Palikotowi chodzi o słowa Suskiego, które padły podczas debaty w Sejmie nad obywatelskim projektem ustawy o ochronie zwierząt. Do incydentu doszło w trakcie wystąpienia Biedronia. - Chciałem przypomnieć, że humanitarne traktowanie, to traktowanie w kontekście ludzkim. To traktowanie zwierzęcia nie jako rzeczy, ale jako istoty, że powinniśmy traktować ją po partnersku w tych relacjach - powiedział Biedroń. Wypowiedź tę przerwał z sali Suski, mówiąc: - Byle nie związki partnerskie.

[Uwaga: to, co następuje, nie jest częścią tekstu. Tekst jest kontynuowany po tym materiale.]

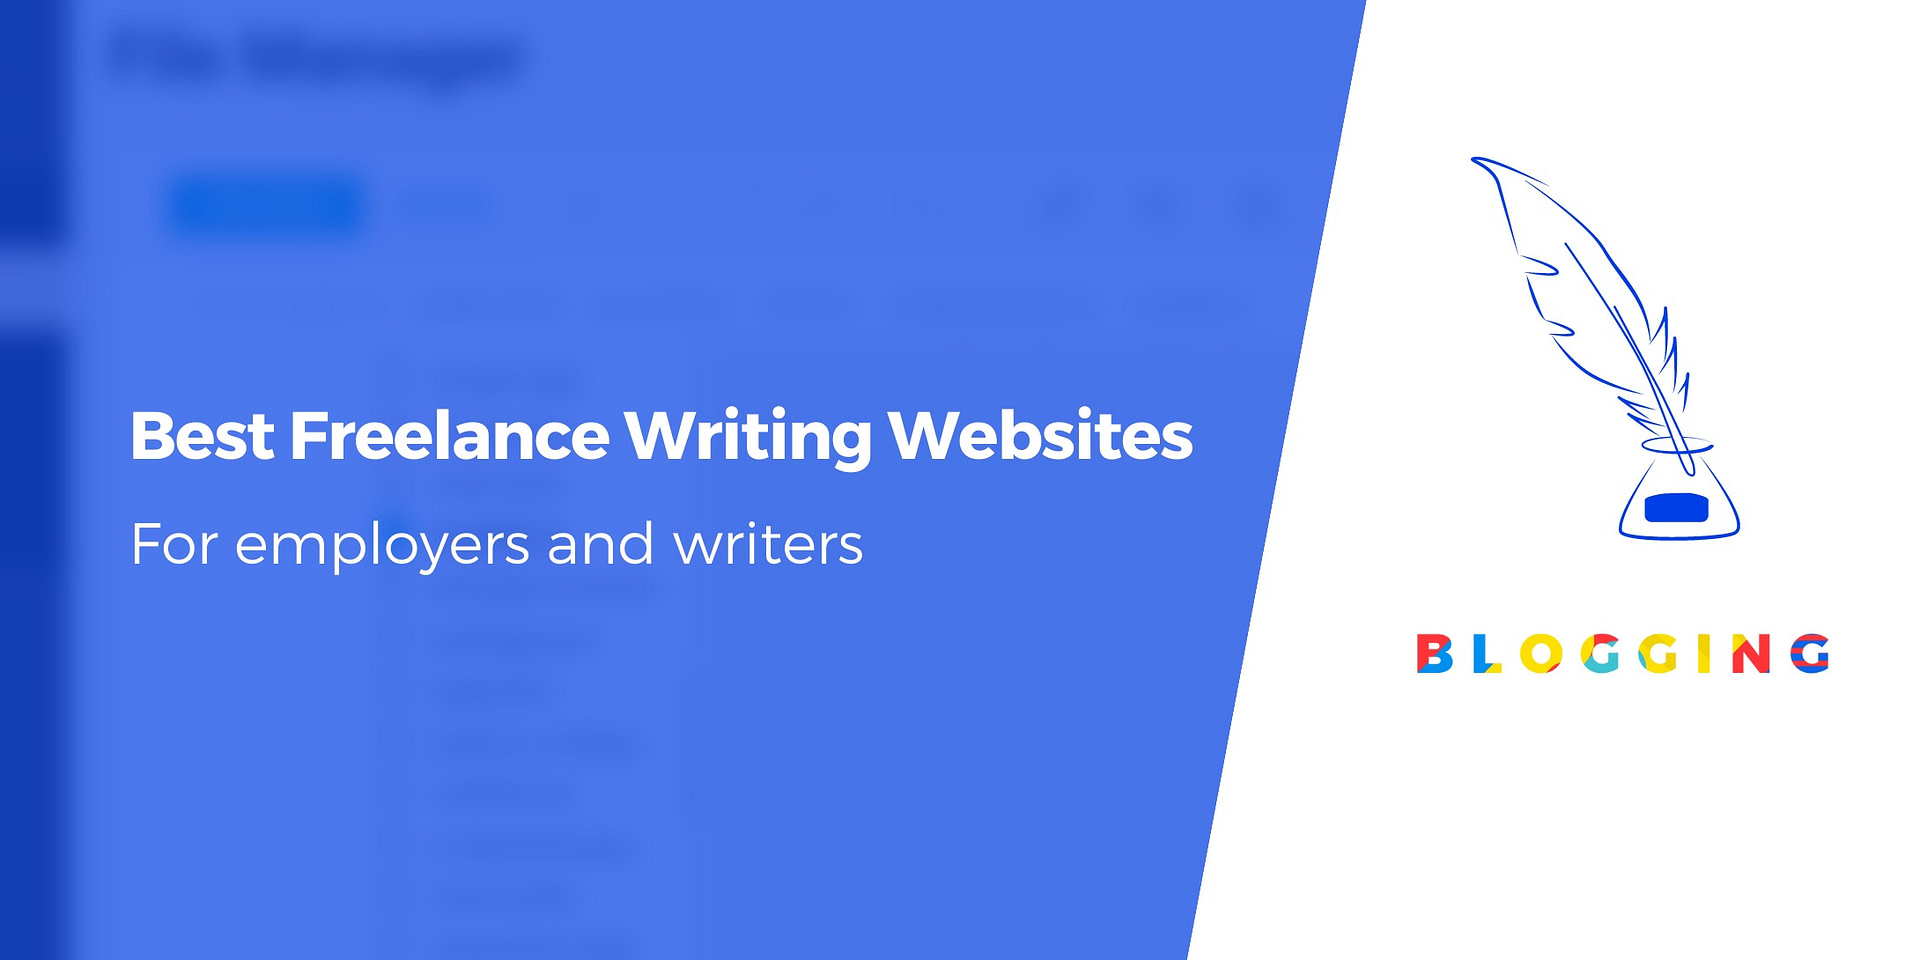 article writing websites like iwriter

Szef RP Janusz Palikot uznał wypowiedź Suskiego za skandaliczną i homofobiczną. Oświadczył, że jeśli poseł PiS za nią nie przeprosi, sprawa trafi do sejmowej Komisji Etyki. Ruch Palikota zamierza 16 stycznia złożyć wniosek o ukaranie posła PiS za "skandaliczne, ohydne, obraźliwe, homofobiczne żarty czy pseudożarty z posła Biedronia". - To jest oczywiście już któryś raz i kolejny poseł się tak zachowuje. Można powiedzieć o swoistej "drodze krzyżowej" Roberta Biedronia w drodze do pełnej obecności osób homoseksualnych w życiu publicznym - ocenił lider Ruchu Palikota. Zaznaczył przy tym, że Ruch będzie "za każdym razem wszystkie tego typu wygłupy tępić". - Miejmy nadzieję, że komisja etyki się okaże stosownie surowa - zaznaczył.

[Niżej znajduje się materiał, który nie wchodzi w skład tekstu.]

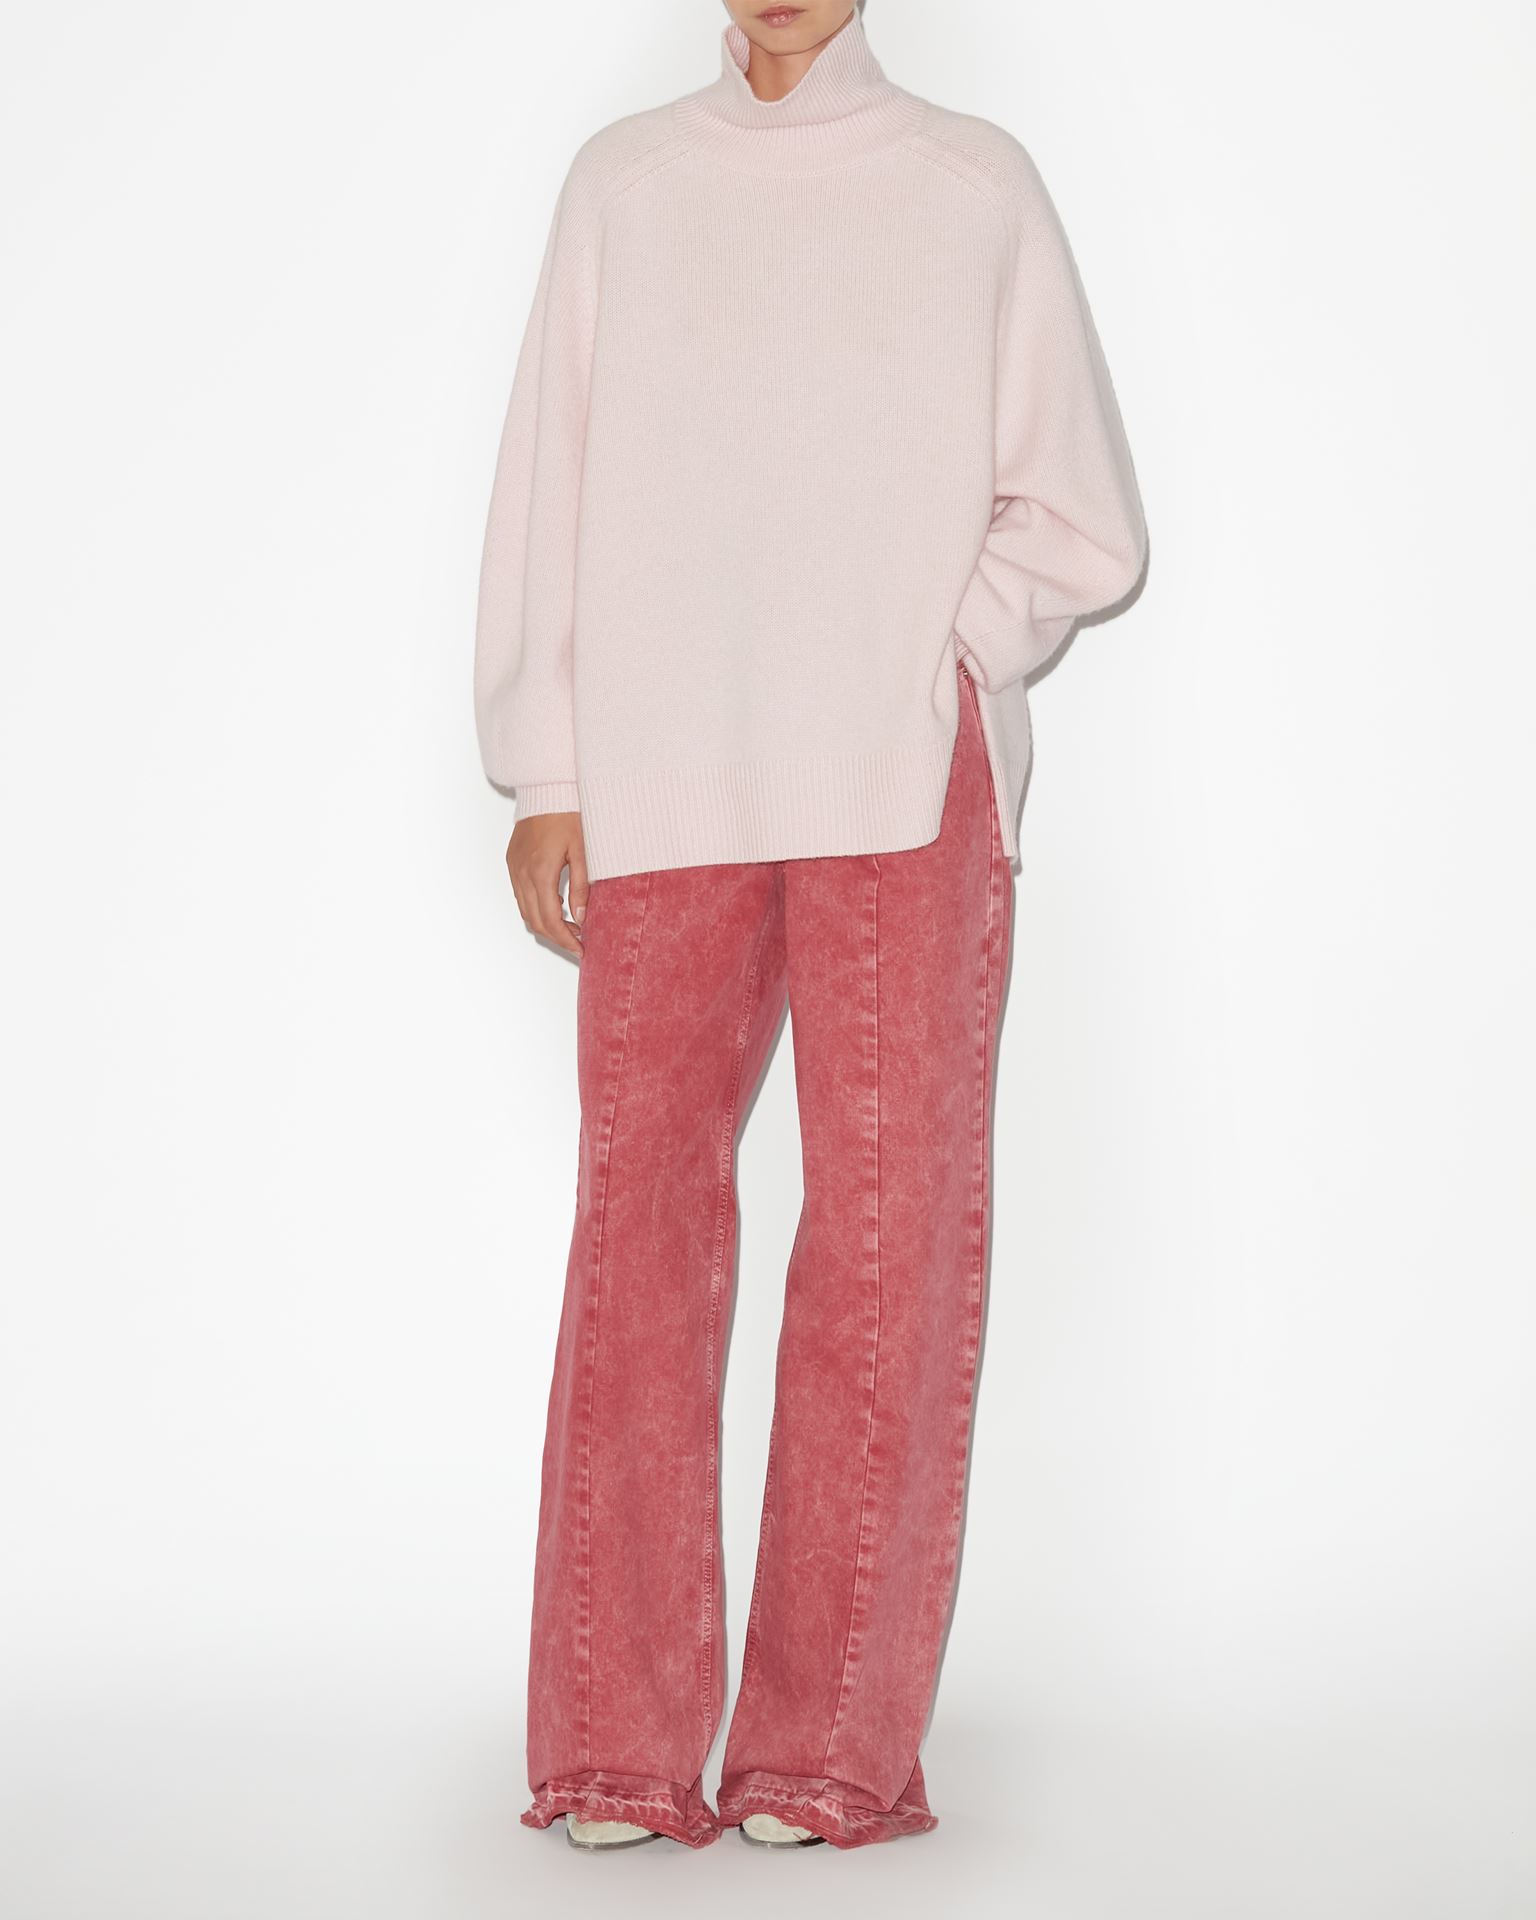 ISABEL MARANT, JERSEY LINELLI - Mujer - Rosa

Sam Biedroń powiedział, że przykro mu jest, iż po raz kolejny stał się powodem niestosownych żartów. - Uważam, że jest to kolejna bardzo niestosowna sytuacja, w której zostałem postawiony. Idąc do parlamentu trochę się tego spodziewałem i jestem zahartowany, miałem jednak nadzieję, że po tej pierwszej debacie coś się zmieniło, że granica została wyznaczona i że czegoś się nauczyliśmy, odrobiliśmy tę lekcję tolerancji - podkreślił poseł. Dodał, że ma nadzieję, iż wniosek przeciwko Suskiemu sprawi, że poseł zastanowi się nad tym, co powiedział.
Suski, pytany o wniosek Ruchu Palikota, powiedział, że "nie wie, z czego czerpią ci panowie przekonanie, że jego wypowiedź miała kogokolwiek obrazić". - Nie widzę tu żadnego związku i uzasadnienia. Nie jestem w stanie skomentować czyichś odczuć - zaznaczył.